# Mr. Murphy is the name!



## cdtrum (Aug 25, 2008)

Here are some pics of my little guy.......he is such a lover! I thank Jenna and her family for giving him such a wonderful, loving start in life  !.......he and his brothers were checking out the pasture.....the pics don't show it, but he is much littler then the big guys!


----------



## kelebek (Oct 5, 2007)

He is a CUTIE!!! Congrats!


----------



## FunnyRiverFarm (Sep 13, 2008)

Awww  I'm glad to see they're getting along so well together.


----------



## Coraxfeather (Oct 9, 2008)

Congratz


----------



## sweetgoats (Oct 18, 2007)

Congratulations, What a doll.


----------



## RowdyKidz (Apr 2, 2009)

Congrats! :clap:


----------



## badnewsboers (May 9, 2008)

What a cutie.


----------



## shadycreekgoats (Mar 23, 2009)

Adorable!!!


----------



## StaceyRosado (Oct 5, 2007)

I didnt know he was buckskin - cute


----------



## Jenna (Jan 7, 2009)

he looks soooooooooo happy ( and cute of course!!!!!)


----------



## liz (Oct 5, 2007)

He looks quite content! And is fitting in very well! :leap:


----------



## cdtrum (Aug 25, 2008)

Yeah Stacey.......I didn't know what his coloring was called until I saw it on his papers that Jenna gave me, tells you how much I know about goats :doh: ! All I know is I love them  !
Every day he and the big guys are getting more and more use to each other, although today Jake my head boy kinda grabbed at Murphy.....I scolded Jake, didn't know if I should or not.....I just reacted.

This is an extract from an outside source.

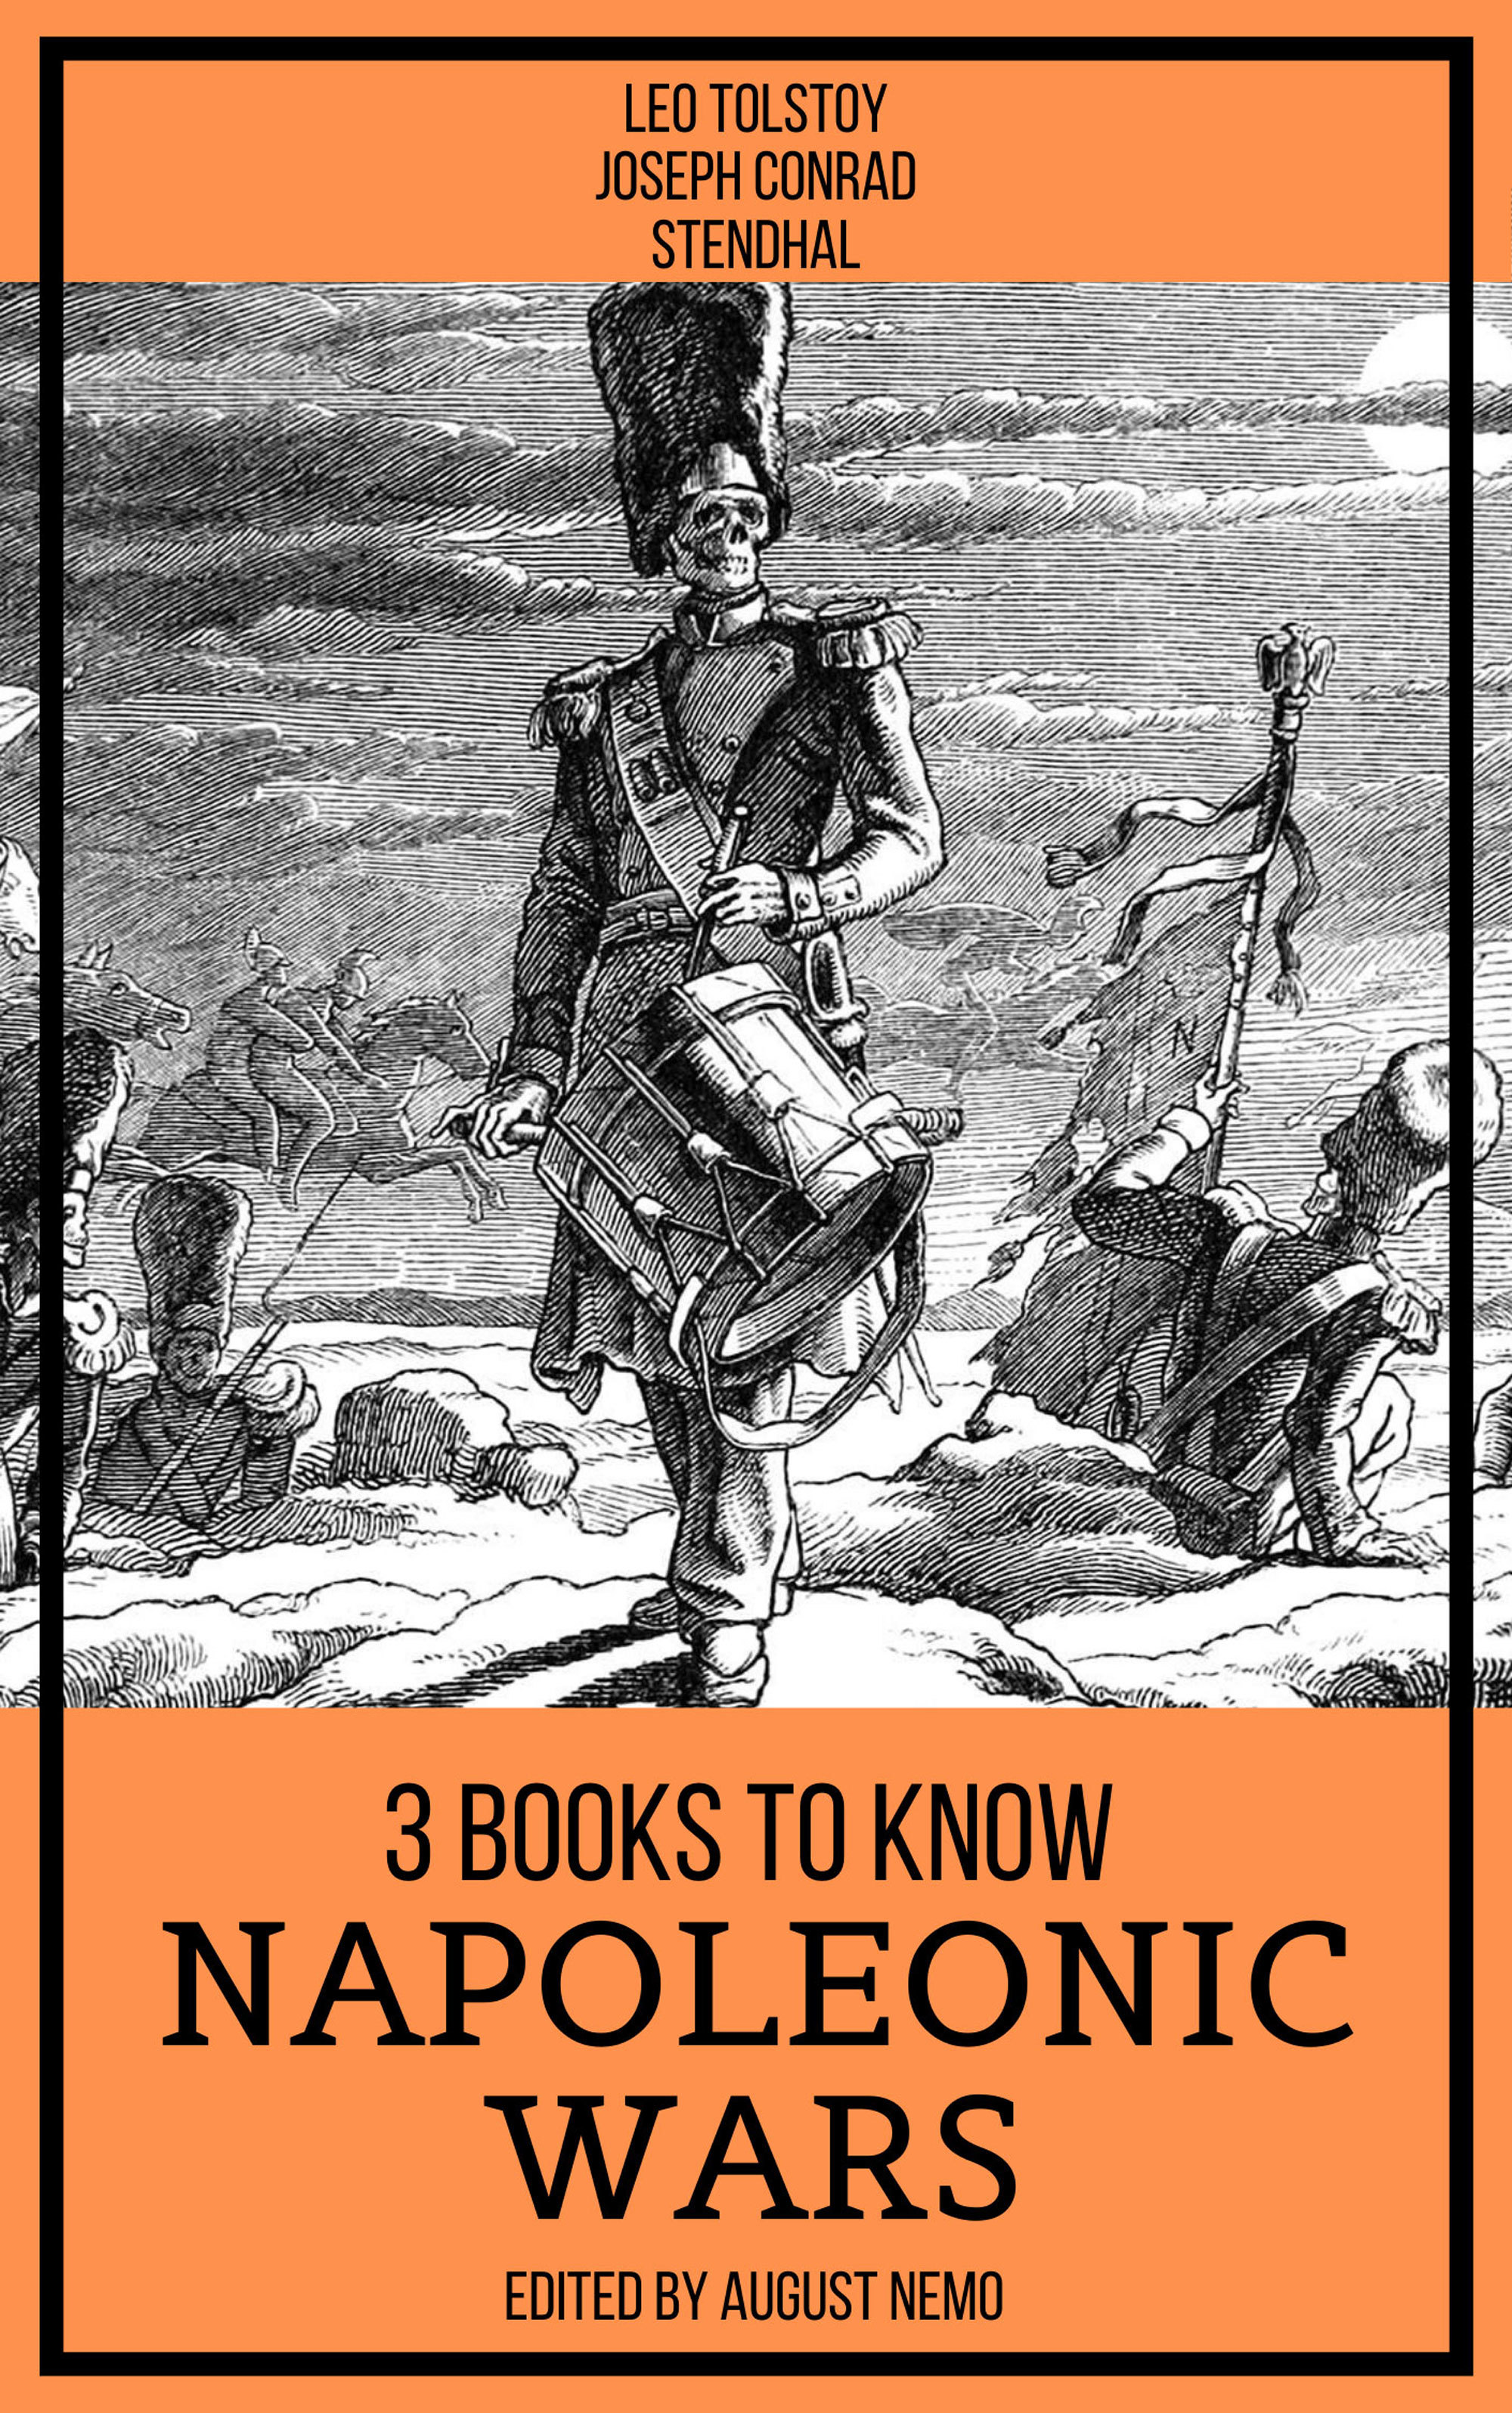 3 books to know Napoleonic Wars

I still have not put him in the big guys pen at night.....vet said to hold off a little longer.
Thanks for all the kind words.....we do think he is pretty darn cute! Denise


----------



## toth boer goats (Jul 20, 2008)

they are really nice looking goaties.....and they look so happy... in all that pretty green area.. :wink: :greengrin:


----------